## Source material:
=== Section Start ===
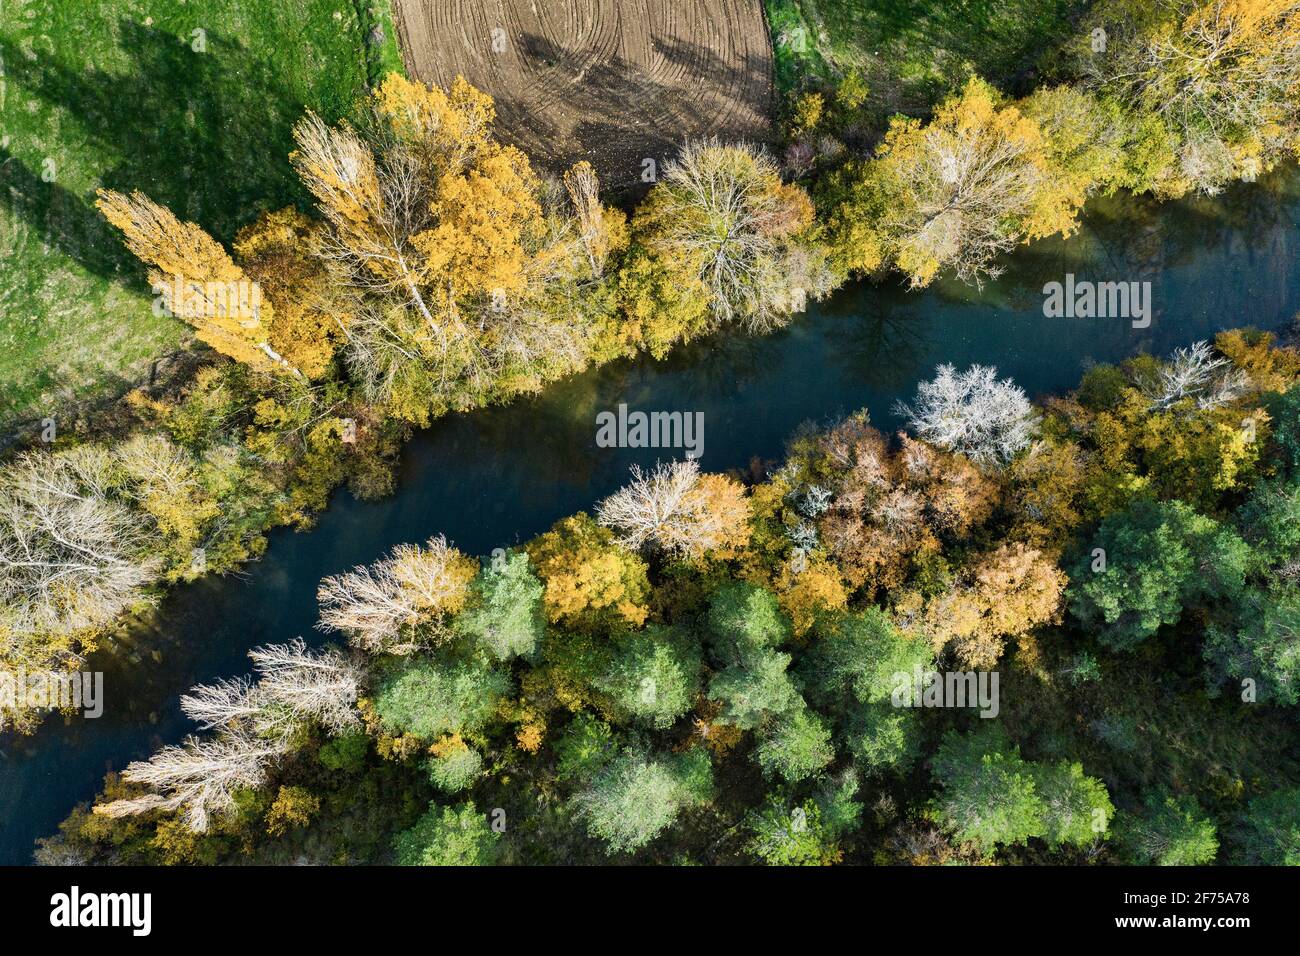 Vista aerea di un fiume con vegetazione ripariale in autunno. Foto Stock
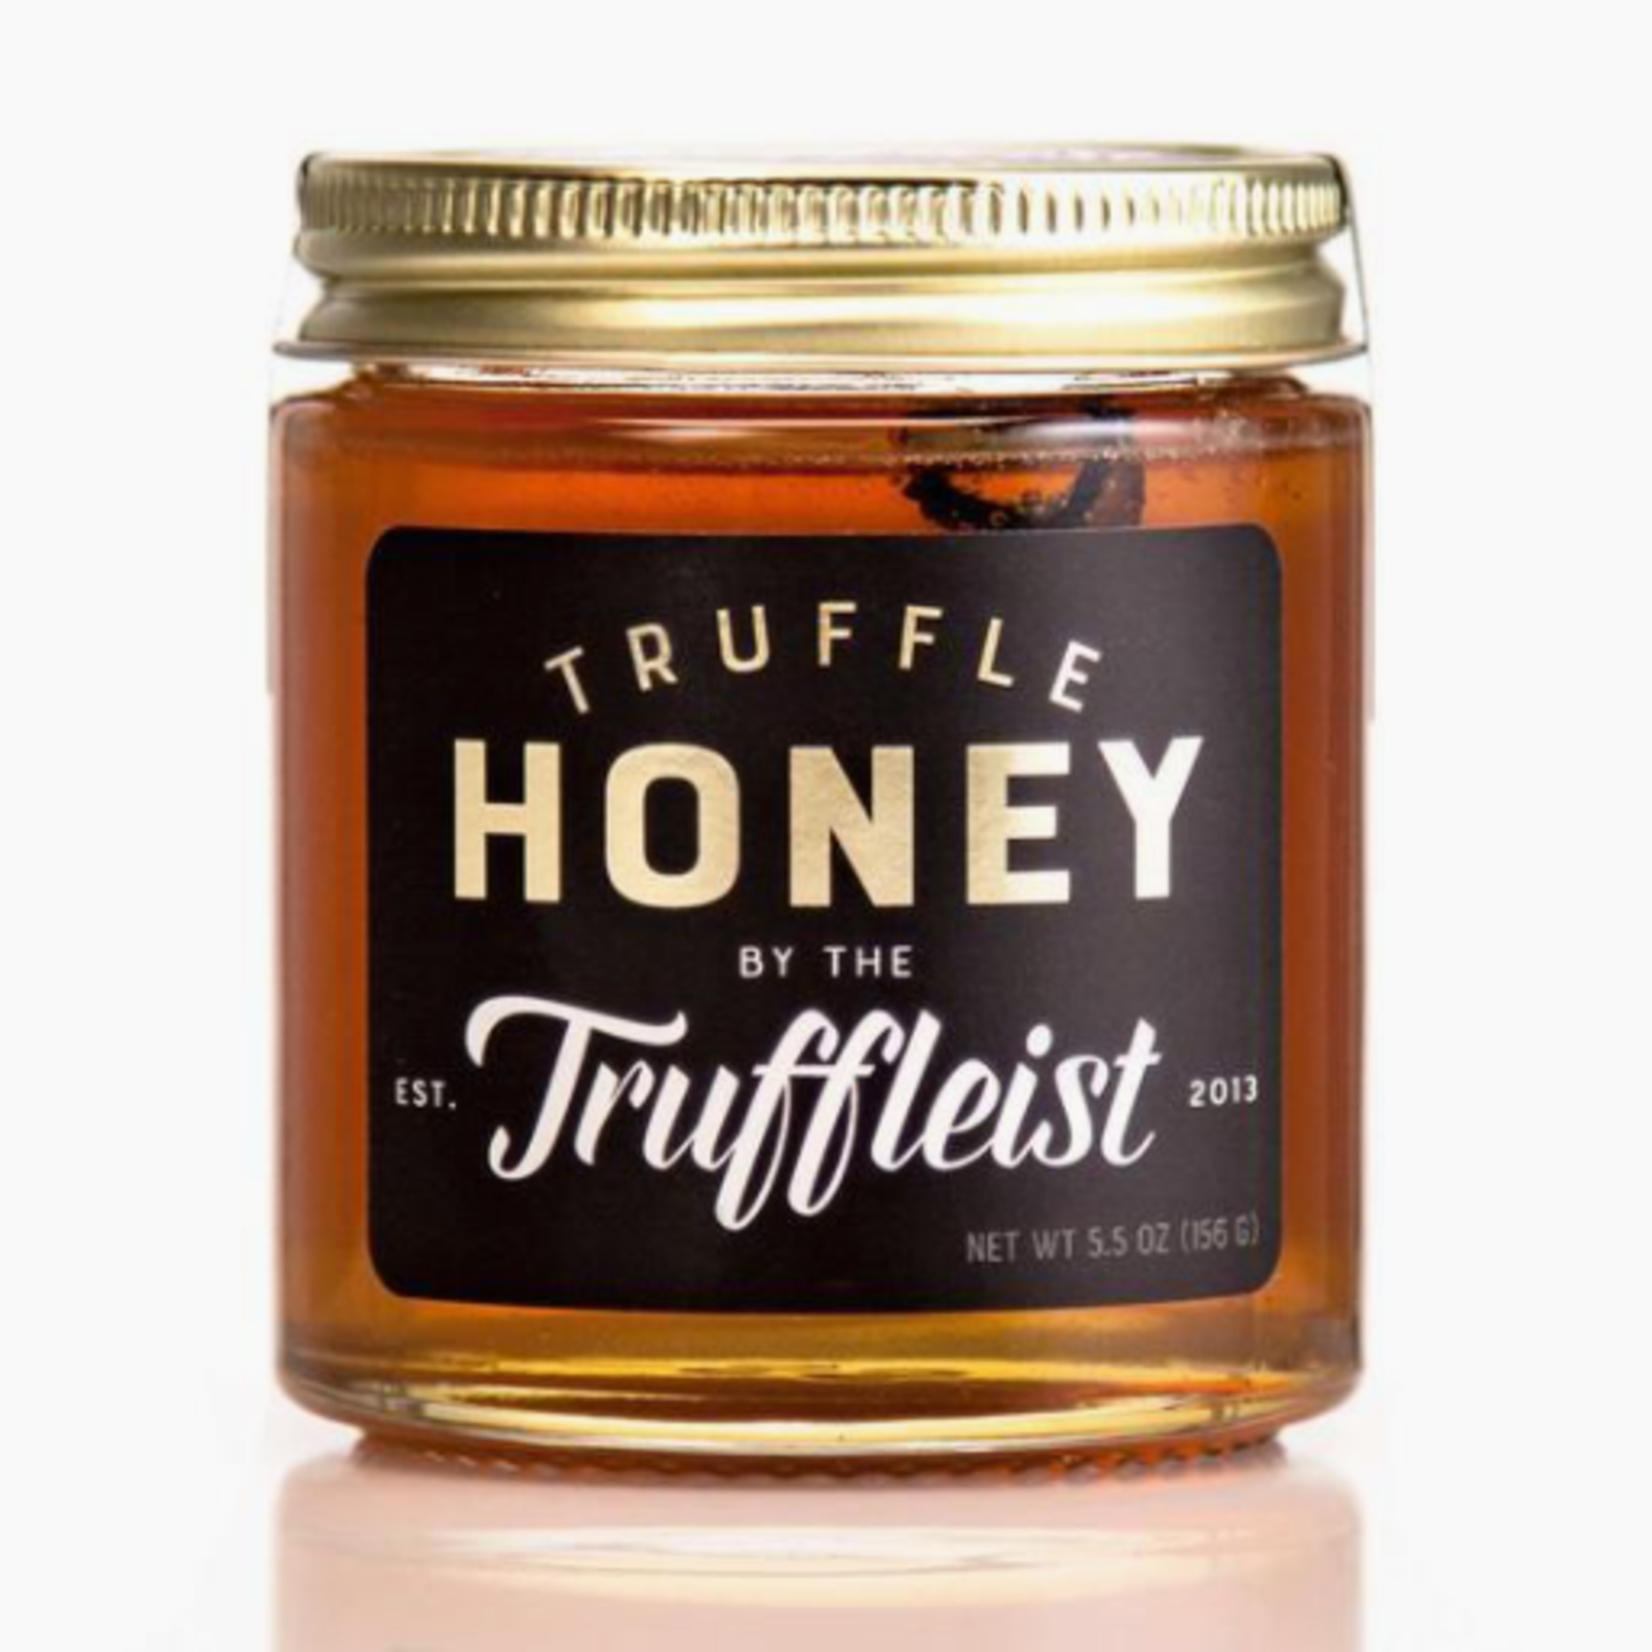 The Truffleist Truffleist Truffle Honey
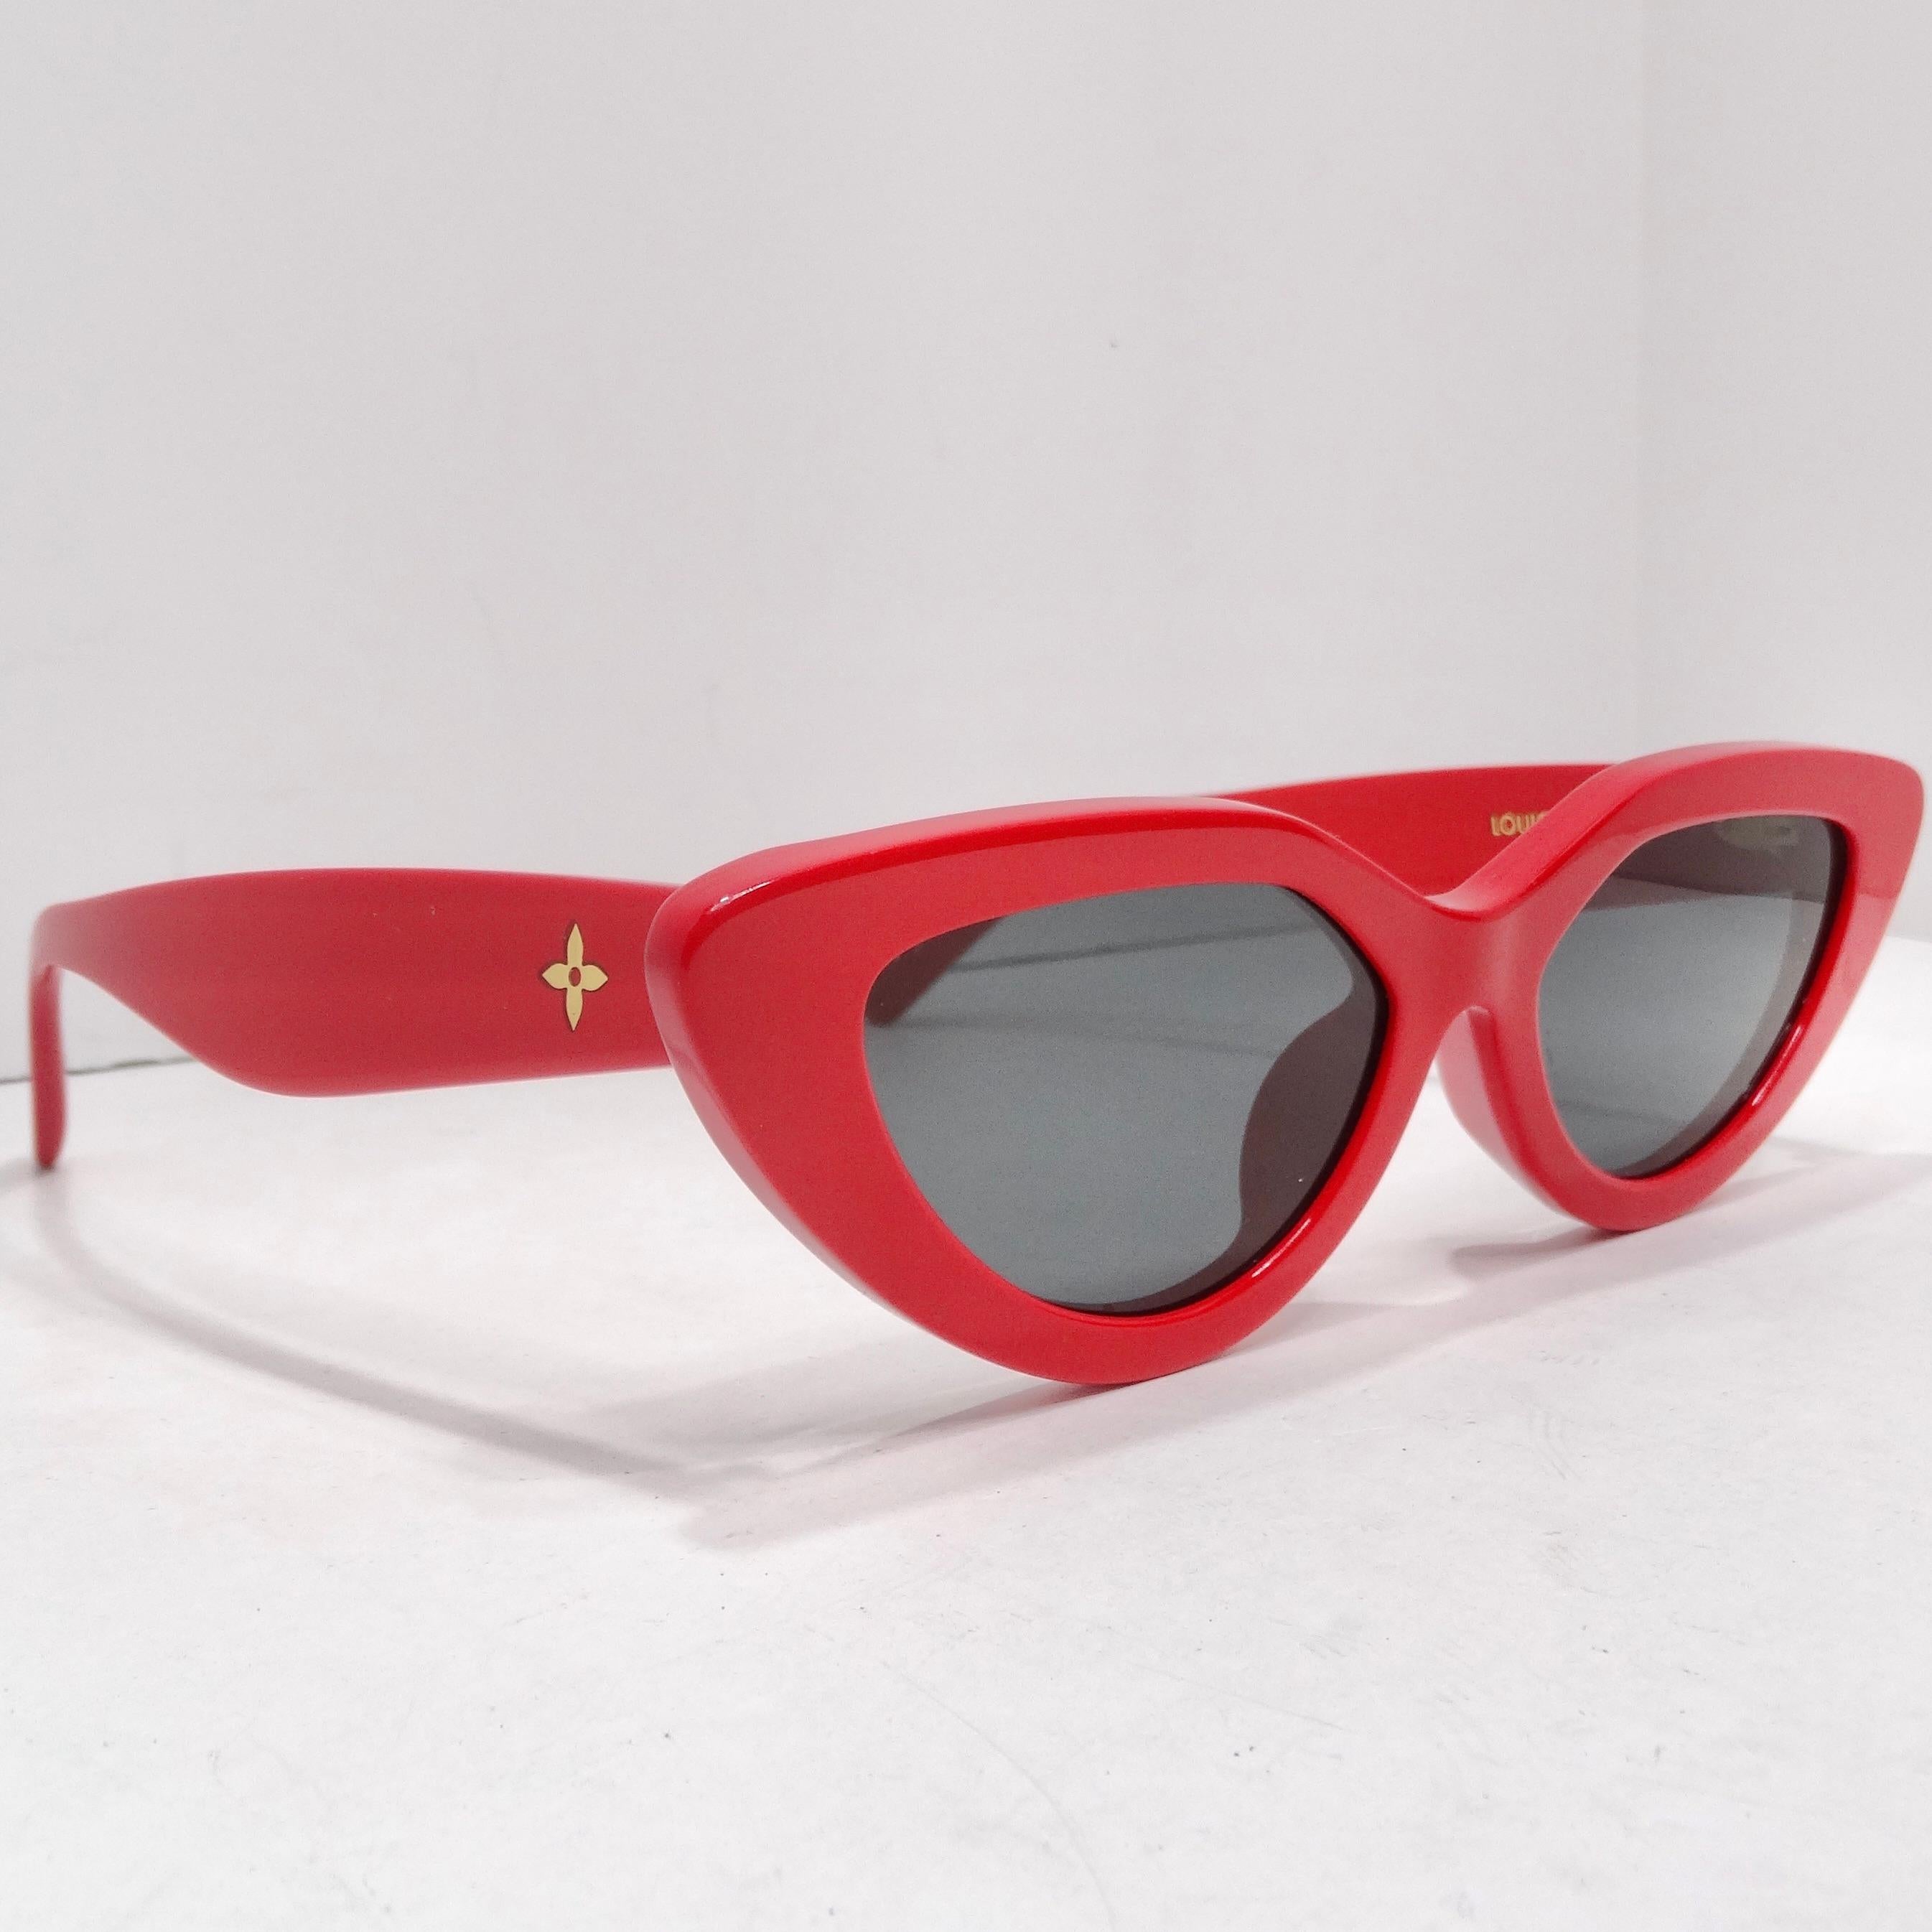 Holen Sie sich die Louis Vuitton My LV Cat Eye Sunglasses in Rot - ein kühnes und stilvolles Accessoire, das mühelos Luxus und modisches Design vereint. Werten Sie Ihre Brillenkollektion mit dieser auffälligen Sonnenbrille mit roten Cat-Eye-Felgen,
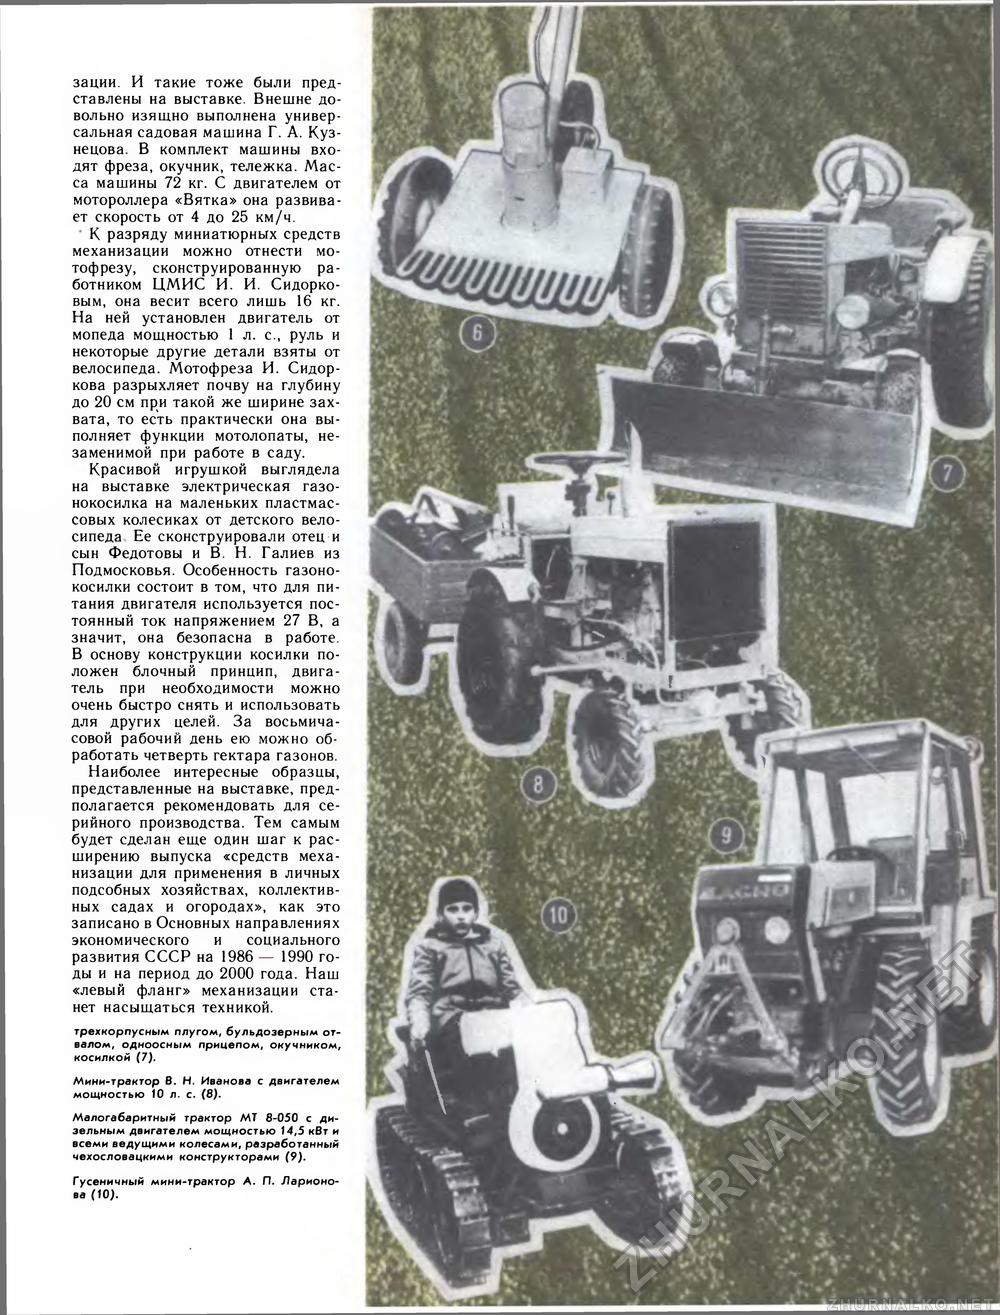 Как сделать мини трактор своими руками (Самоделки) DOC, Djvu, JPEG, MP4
=== Section End ===
## Exercise instructions:
Write out again, word for word, the lines from the one holding "Holen Sie sich" through the final line of the listing, including both ends but no pictures.

## Final answer:
 Holen Sie sich die Louis Vuitton My LV Cat Eye Sunglasses in Rot - ein kühnes und stilvolles Accessoire, das mühelos Luxus und modisches Design vereint. Werten Sie Ihre Brillenkollektion mit dieser auffälligen Sonnenbrille mit roten Cat-Eye-Felgen,
 Как сделать мини трактор своими руками (Самоделки) DOC, Djvu, JPEG, MP4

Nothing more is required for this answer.